Right-click on the processor and select Configure.
Navigate to the property Record writer.
Select the appropriate record writer from the dropdown menu.
Configure the record writer service by clicking the arrow against the service. Click on the settings icon to configure the service.
Navigate to the properties tab and update the service as per your requirements.

Services can only be updated once disabled. Be cautious as disabling the service affects all associated processors. Once the services are updated, right-click on the canvas and select enable all controller services to enable the services.

Verify DBCP and SFTP

Before executing any flow, check the DBCP and SFTP connections to ensure credentials are accurate.

Execute the Flow

Once all settings are set up and verified, run the processor to verify:

Right-click on the canvas of the processor group, then click on Start. All flows will start processing.
If you want to run each flow manually, right-click on the flow file.
Click on Run Once, and repeat the same for each flow file.

Verify Processor Properties

Learn how to configure and verify crucial properties like Database Connection Pooling (DBCP) and Secure File Transfer Protocol (SFTP) for efficient data handling in Napita.

Processors are components designed to execute tasks on data within a system's dataflows. They handle tasks like data ingestion, transformation, routing, and interaction. Properties within processors are settings dictating how a processor operates and handles data. These settings allow users to customize processor behavior, including parameters like database connections (DBCP), SFTP details, etc.

Users configure these properties through Napita during processor setup. Verifying processor properties during creation ensures that entered values are acceptable. While additional properties may need configuration based on specific requirements, database connection (DBCP) and SFTP properties are mandatory for processor execution. If a property's value is invalid, the processor cannot be executed or utilized until the value is verified.

Database Connection Pooling (DBCP)

Database Connection Pooling (DBCP) within Napita is crucial for efficient management and reuse of database connections. By implementing DBCP, users can enhance workflow efficiency, particularly when using processors like ExecuteSQLRecord and QueryDatabaseTableRecord.

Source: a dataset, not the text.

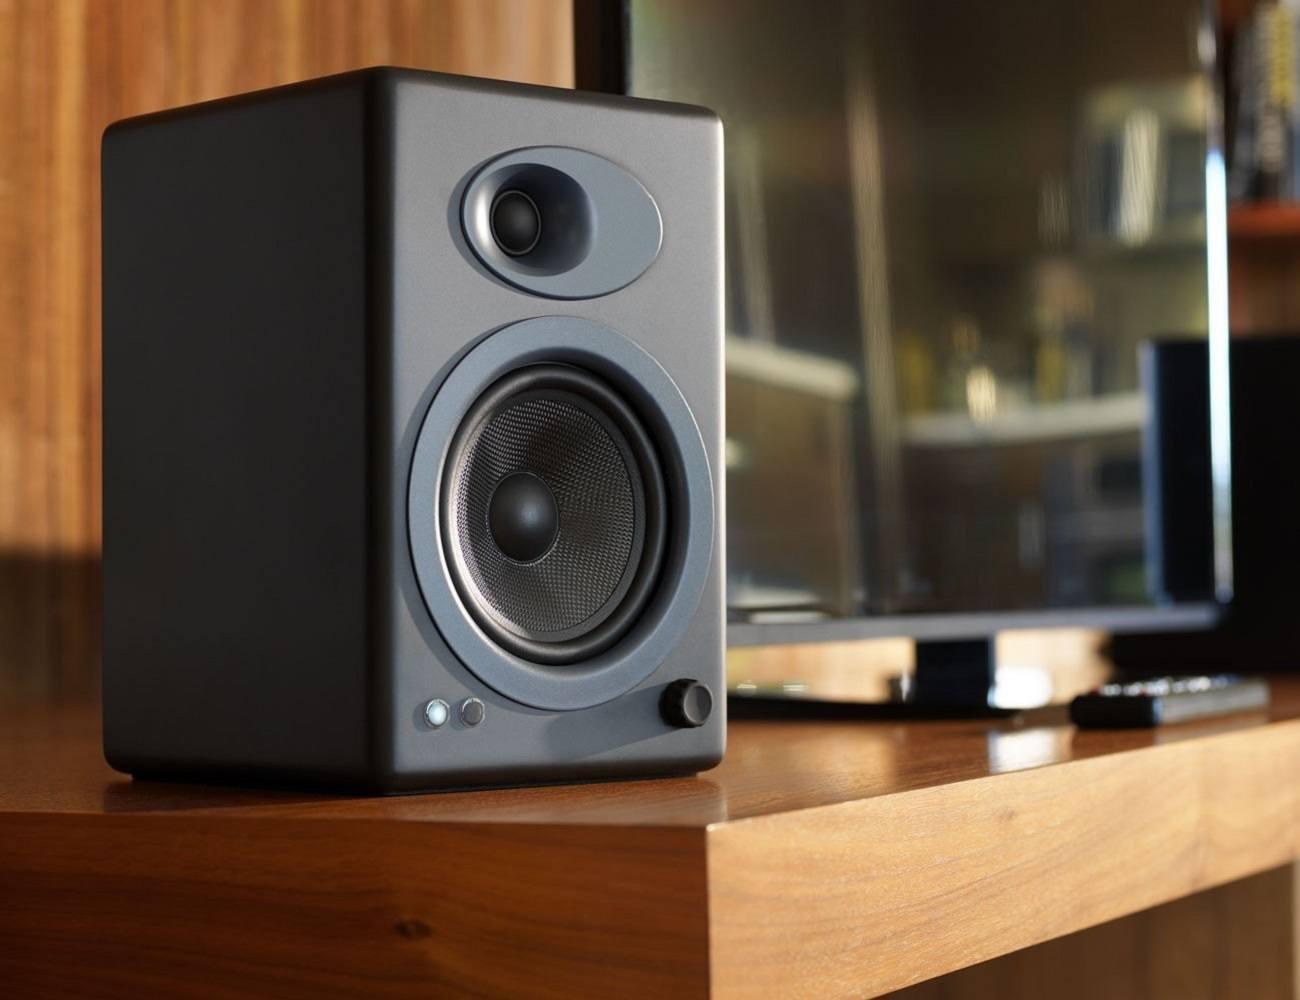 AudioEngine A5 Speakers » Gadget Flow

This feature reduces the overhead of creating new database connections for each operation, optimizing resource utilization and improving performance. DBCP streamlines database operations by managing and sharing connections among different processors, reducing the time and resources needed for connection establishment.

Verifying the DBCP service at the parent level ensures consistency and validity of connection properties across different processors, minimizing errors or inconsistencies in the database configuration.

Step-by-Step Usage Instructions:

Access Processor Configuration: Right-click on the desired processor (e.g., ExecuteSQLRecord or QueryDatabaseTableRecord) and select Configure to open the Configure Processor window.
Select Database Pooling Service: Within the configuration window, specify the Database Pooling Service in settings related to database connections.
Choose Service from Dropdown: Select the appropriate Database Connection Pooling service from the dropdown menu to manage and reuse database connections efficiently.
Verify Properties: After selecting the Database Pooling Service, verify associated properties, by clicking the Verify Properties button to ensure the correctness of specified values, identifying potential issues or inconsistencies in the database configuration.

Secure File Transfer Protocol

The SFTP (Secure File Transfer Protocol) service in Napita facilitates secure file transfer between the platform and remote servers. By using SFTP, users can exchange files securely with external systems, ensuring data integrity and confidentiality. SFTP enables seamless and secure file transfer operations within the HotWax Commerce. Whether retrieving files from remote servers or uploading files securely, SFTP provides a reliable method for data exchange with external systems. This is relevant for integrating HotWax Commerce with other systems or performing data exchange operations with external partners. Verifying SFTP properties confirms that connection details are correctly configured, preventing data corruption or loss during file transfers.

Step-by-Step Usage Instructions:

Access Processor Configuration: Right-click on the processor associated with SFTP operations (e.g., GetSFTP or PutSFTP) and select Configure to open the Configure Processor window.
Enter SFTP Properties: Locate the fields for SFTP properties in the configuration window, including Hostname, Port, Username, Password, and Remote Path. Input relevant values for each property based on file transfer requirements.
Verify Properties: Once necessary SFTP credentials are entered, verify properties by clicking on the Verify Properties button to ensure correct and valid configuration.

Bulletins

The Bulletin feature in Napita provides users with real-time notifications about the status and events occurring within the data flow. This feature significantly enhances users' ability to track the health and performance of their data pipelines, enabling them to promptly address any issues or concerns.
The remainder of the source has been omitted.